Prospects in Maryland

Maryland is among 18 states currently weighing aid-in-dying legislation. The bill is modeled after existing laws across the country and is the same as a measure that failed to make it out of committee a year ago.

Like in other jurisdictions, the bill would require patients to self-ingest medication. Physicians and health-care facilities are not obligated to provide aid-in-dying services.

Similar measures have been considered in Maryland in the past but failed to pass – though they came close. In 2019, the House of Delegates approved an aid-in-dying bill that failed in the Senate on a 23-23 tie vote.
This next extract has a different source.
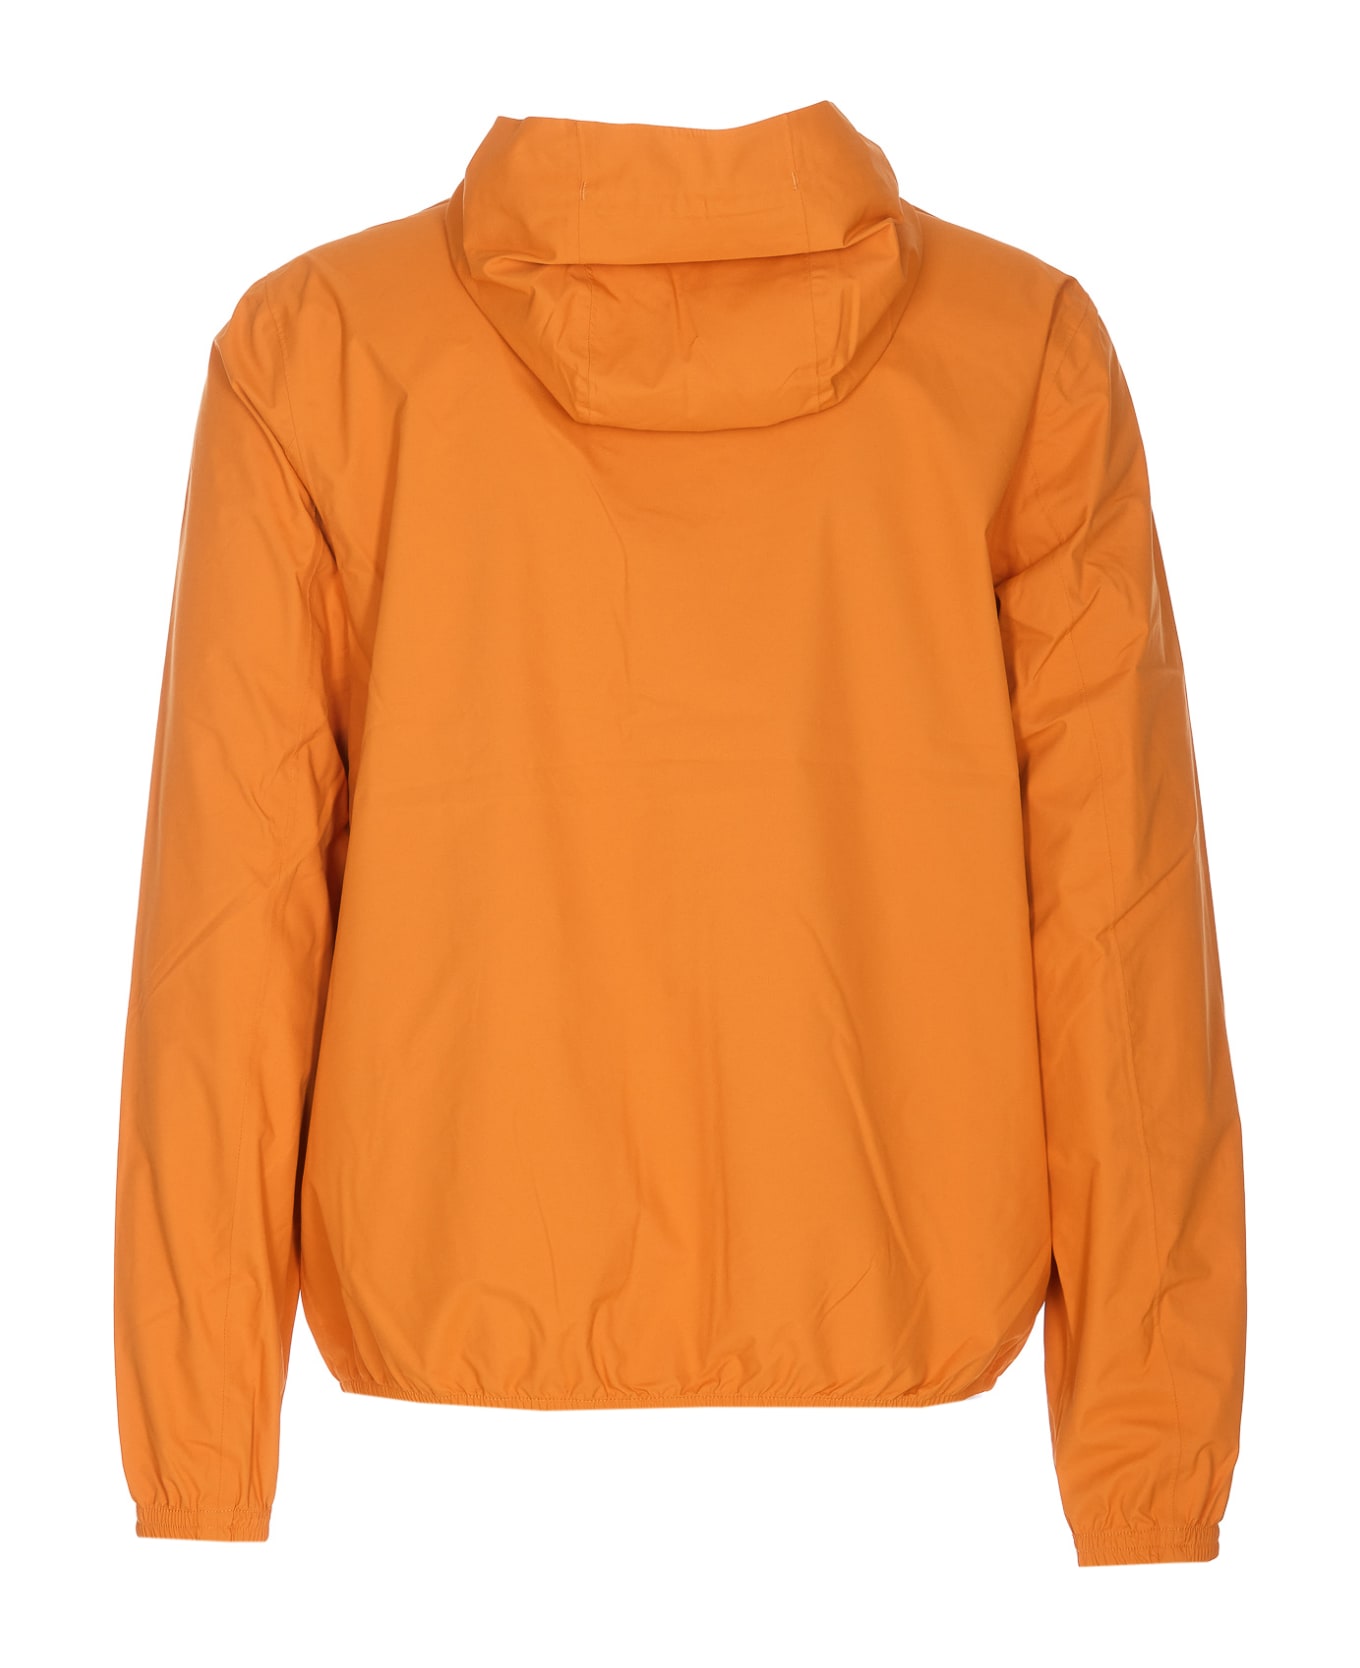 K-Way Stretch Jacket - Orange Md
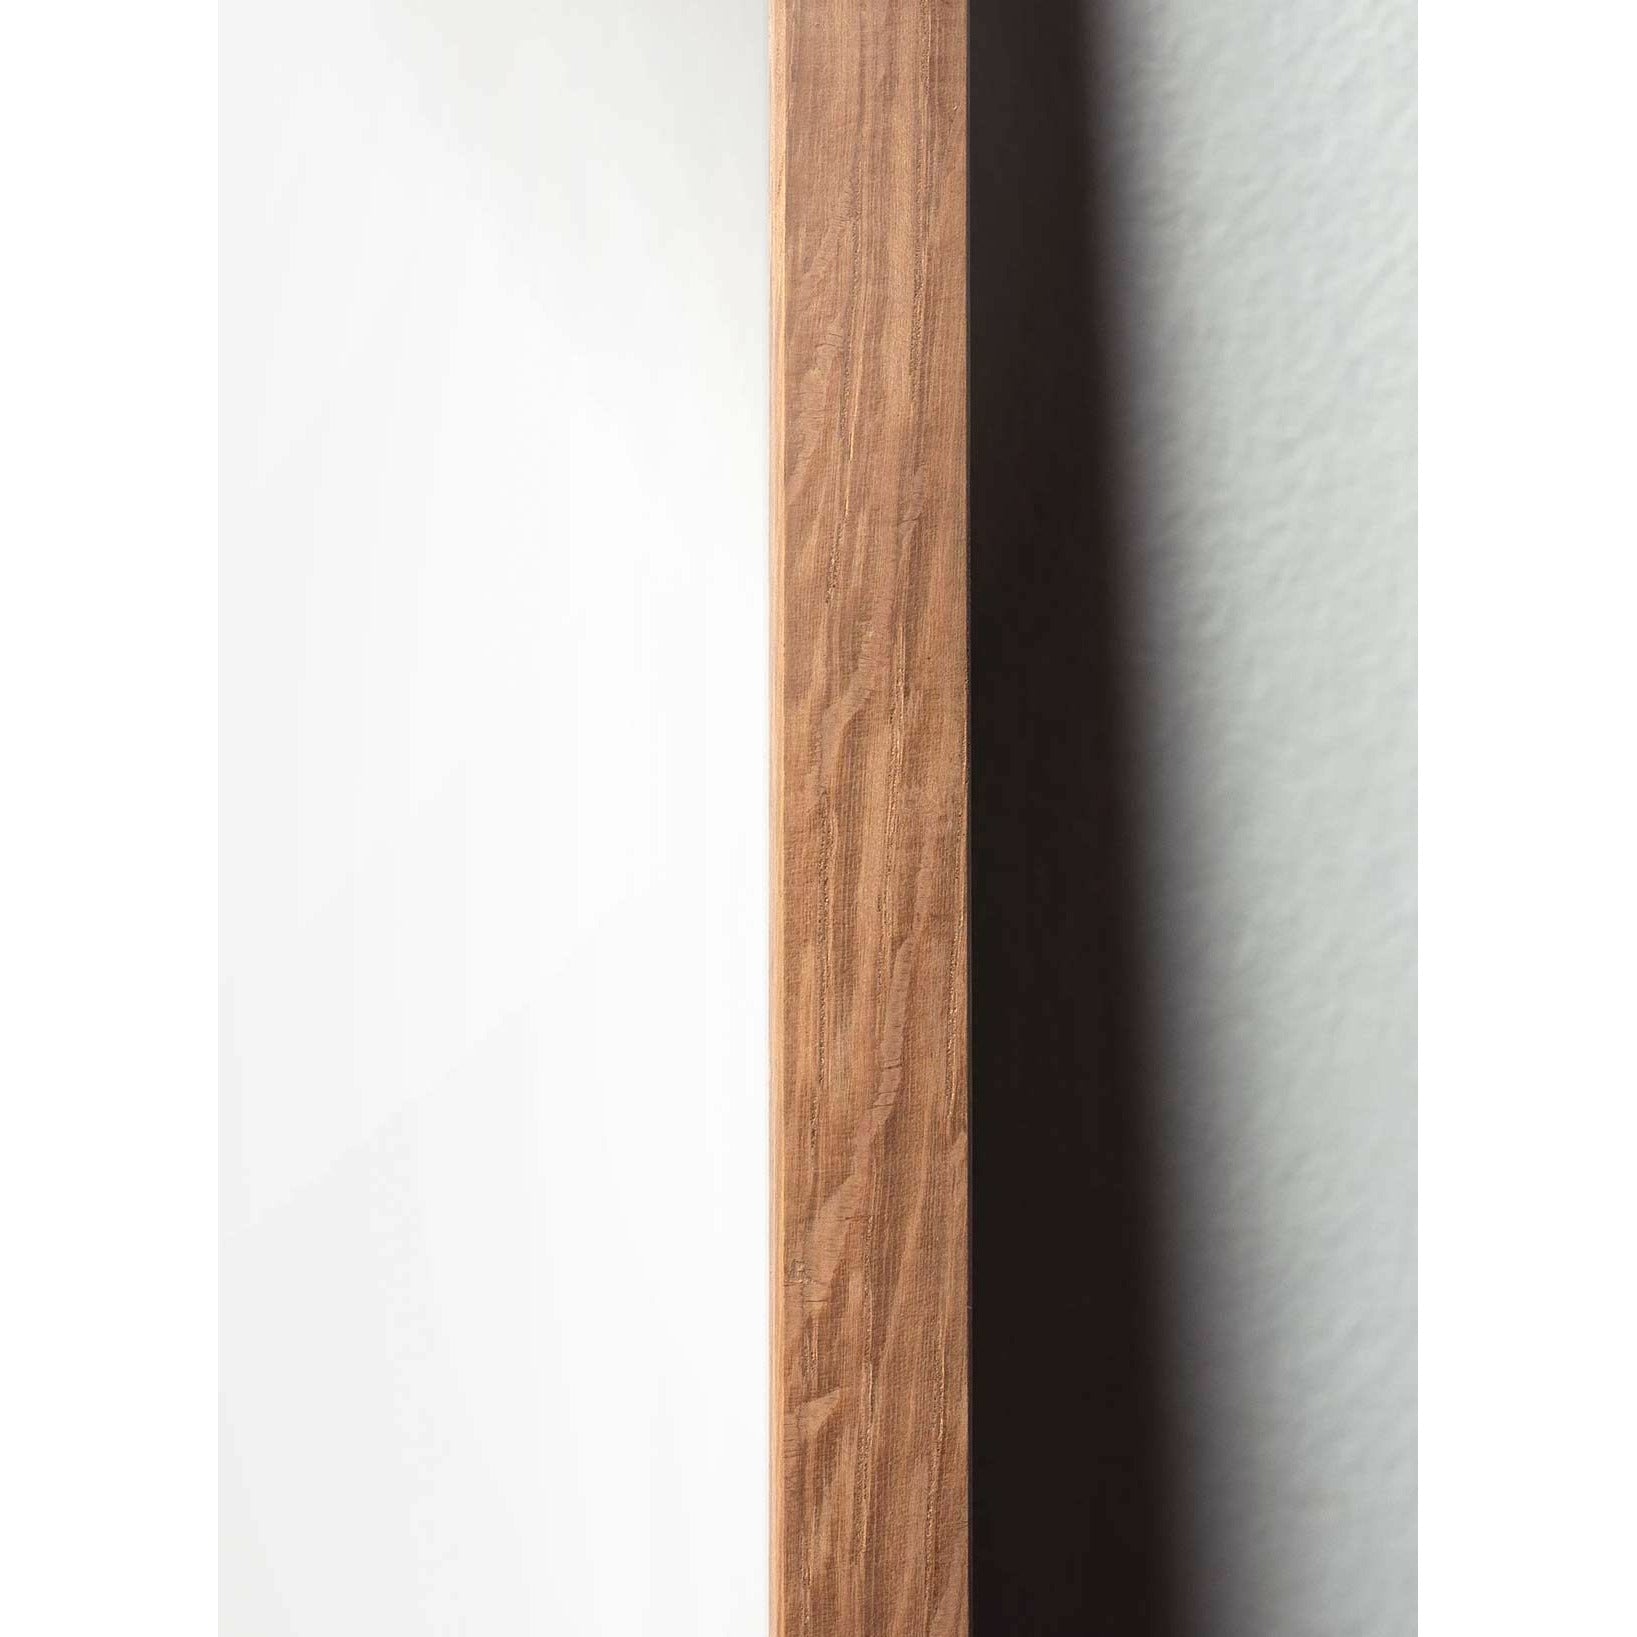 Pomysłowy plakat mrówek, rama wykonana z jasnego drewna 30x40 cm, białe tło

This year, as issues of bodily autonomy gain heightened awareness following the Supreme Court’s decision to overturn Roe v. Wade, Maryland Senate President Bill Ferguson, D-Baltimore City, has indicated a willingness to bring an aid-in-dying bill to a vote.

Governor Wes Moore has also expressed support for bringing the option to Maryland.

“If a bill makes it to my desk with transition with dignity at its core, I will sign it,” Moore said.

Senate Minority Leader Stephen Hershey, R-Kent, Queen Anne’s, Caroline, and Cecil expect most Republicans to oppose such a bill.

“From a perspective of the sanctity of life, a lot of times, it boils down to our religious beliefs on some issues,” Hershey said. “This is certainly one of them.”

Among those who hope the Maryland bill passes is Diane Kraus, a 59-year-old Baltimore native who was diagnosed in May 2021 with metastatic breast cancer and has since been advocating for the right to end her life.

Kraus has undergone four different types of chemotherapy and continues to receive treatment every three weeks. But it’s become increasingly difficult for her to manage her symptoms, which include pain, nausea, confusion, and headaches, among others.

Motivated by her own experiences with a terminal illness and 35 years of working as an occupational therapist in hospice and home health settings, Kraus testified in support of Maryland’s aid-in-dying bill last year.

“I wanted it for me,” Kraus said in an interview with CNS. “I had seen so many people die in pain and so many people have such a poor quality of life at the very end. And they would say, ‘I just want to go home and be with God and be with my relatives.’ … And that just really struck me.”

Kraus was devastated when Maryland’s bill stalled last year and has considered relocating to a state where aid in dying is legal. She hopes that existing laws, like the one in D.C., help sway skeptics in Maryland this legislative term.

“Even people highly opposed…come around to some degree when they see it and have to live with it,” Kraus said.